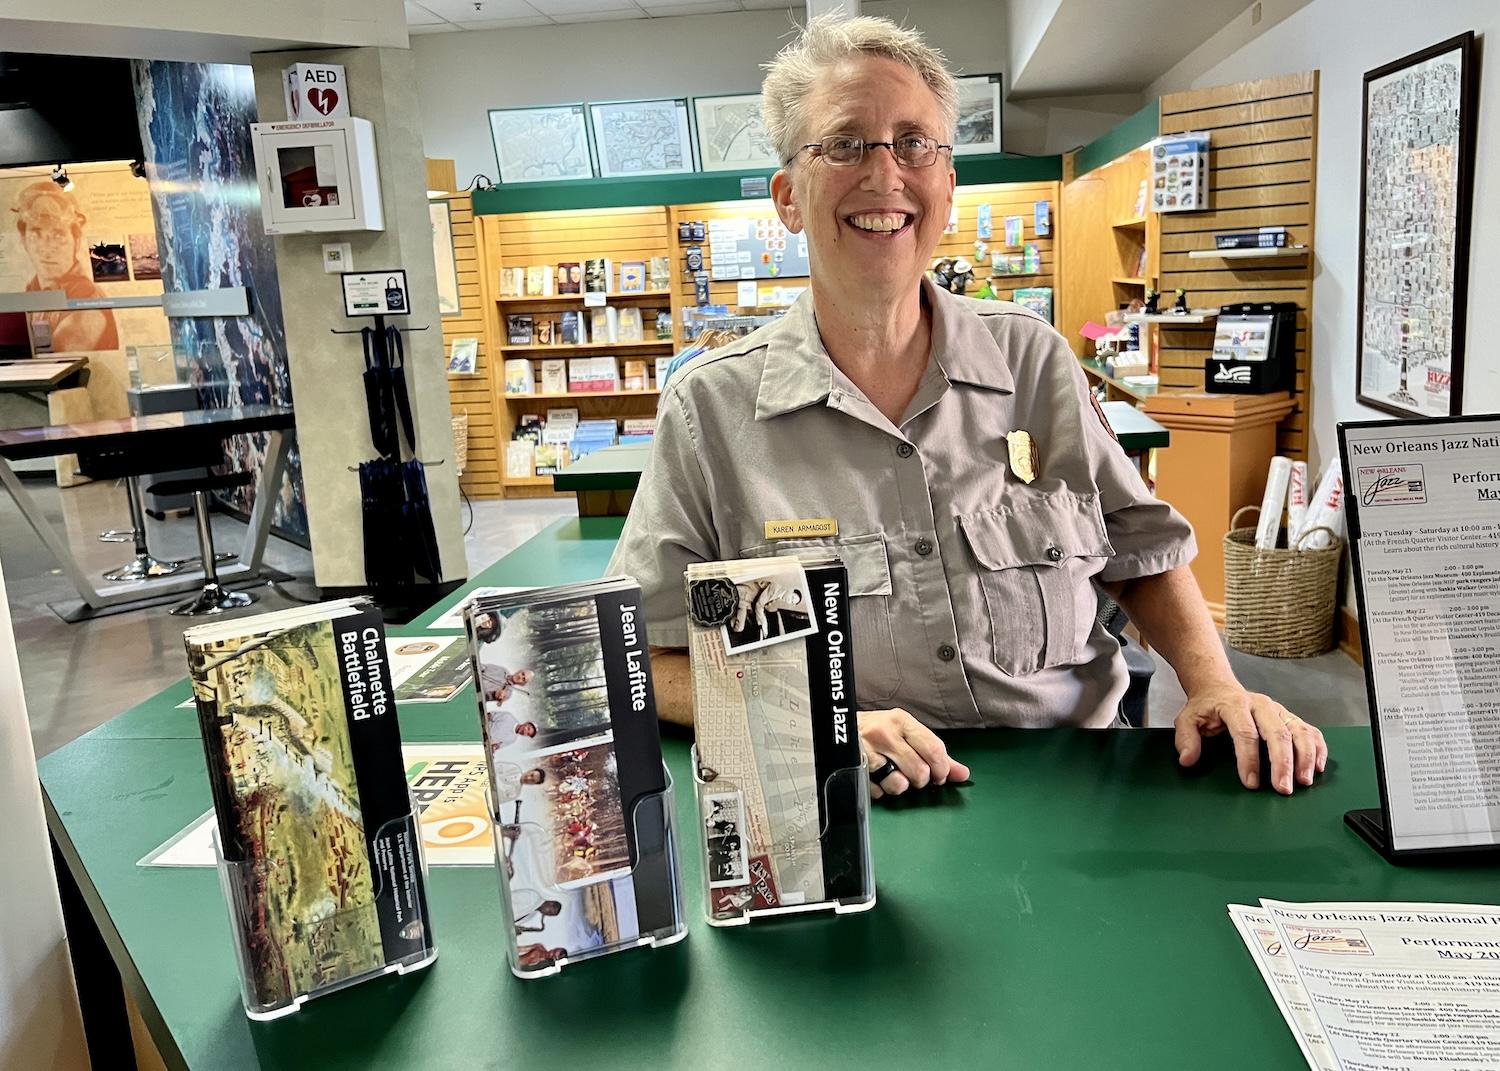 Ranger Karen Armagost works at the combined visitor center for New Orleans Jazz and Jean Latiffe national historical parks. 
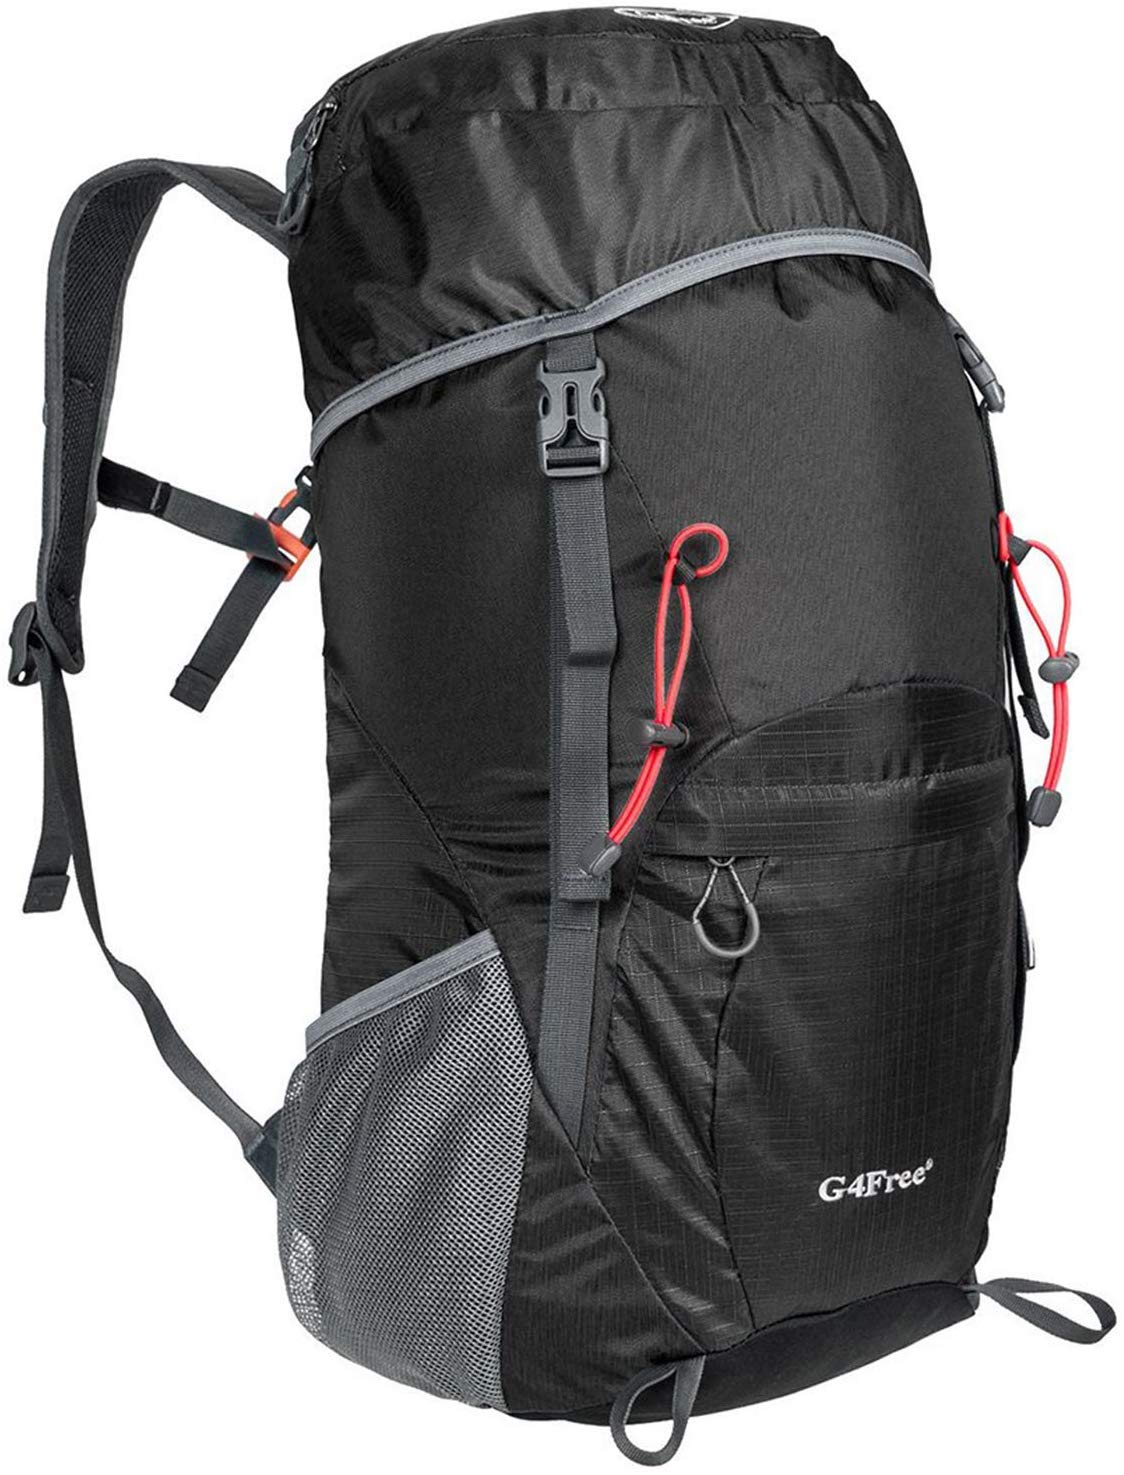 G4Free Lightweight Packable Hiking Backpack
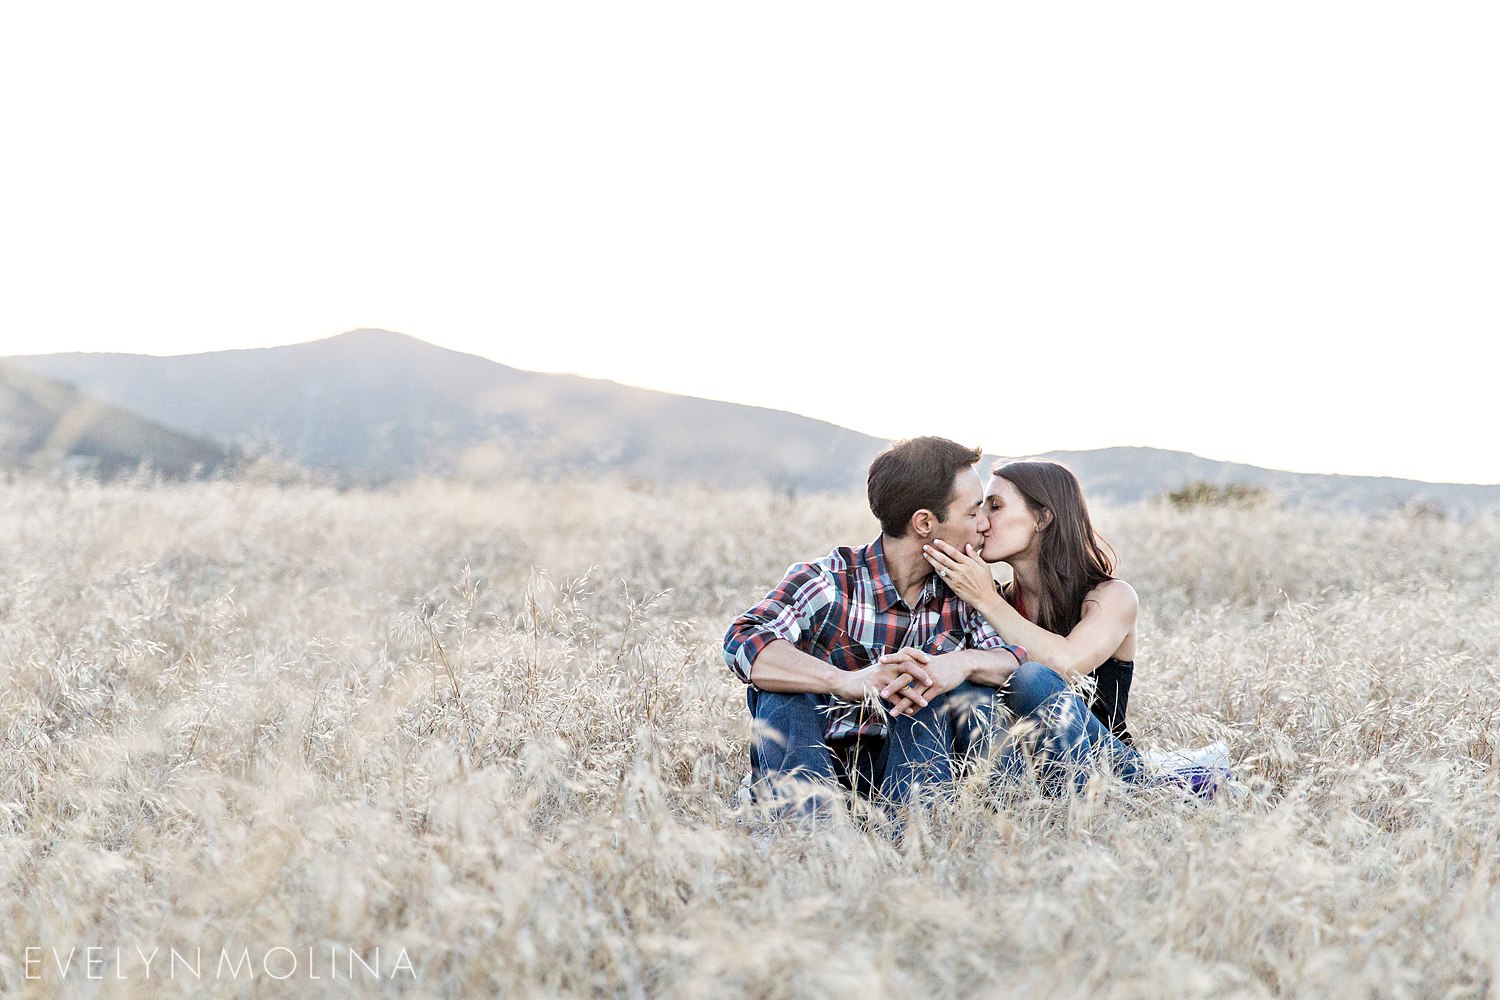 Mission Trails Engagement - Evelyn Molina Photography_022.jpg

Exercise. Set down all of the material above exactly as written, leaving the pictures out.

Finished task.
 Ranger Karen Armagost works at the combined visitor center for New Orleans Jazz and Jean Latiffe national historical parks. 
 G4Free Lightweight Packable Hiking Backpack
 Mission Trails Engagement - Evelyn Molina Photography_022.jpg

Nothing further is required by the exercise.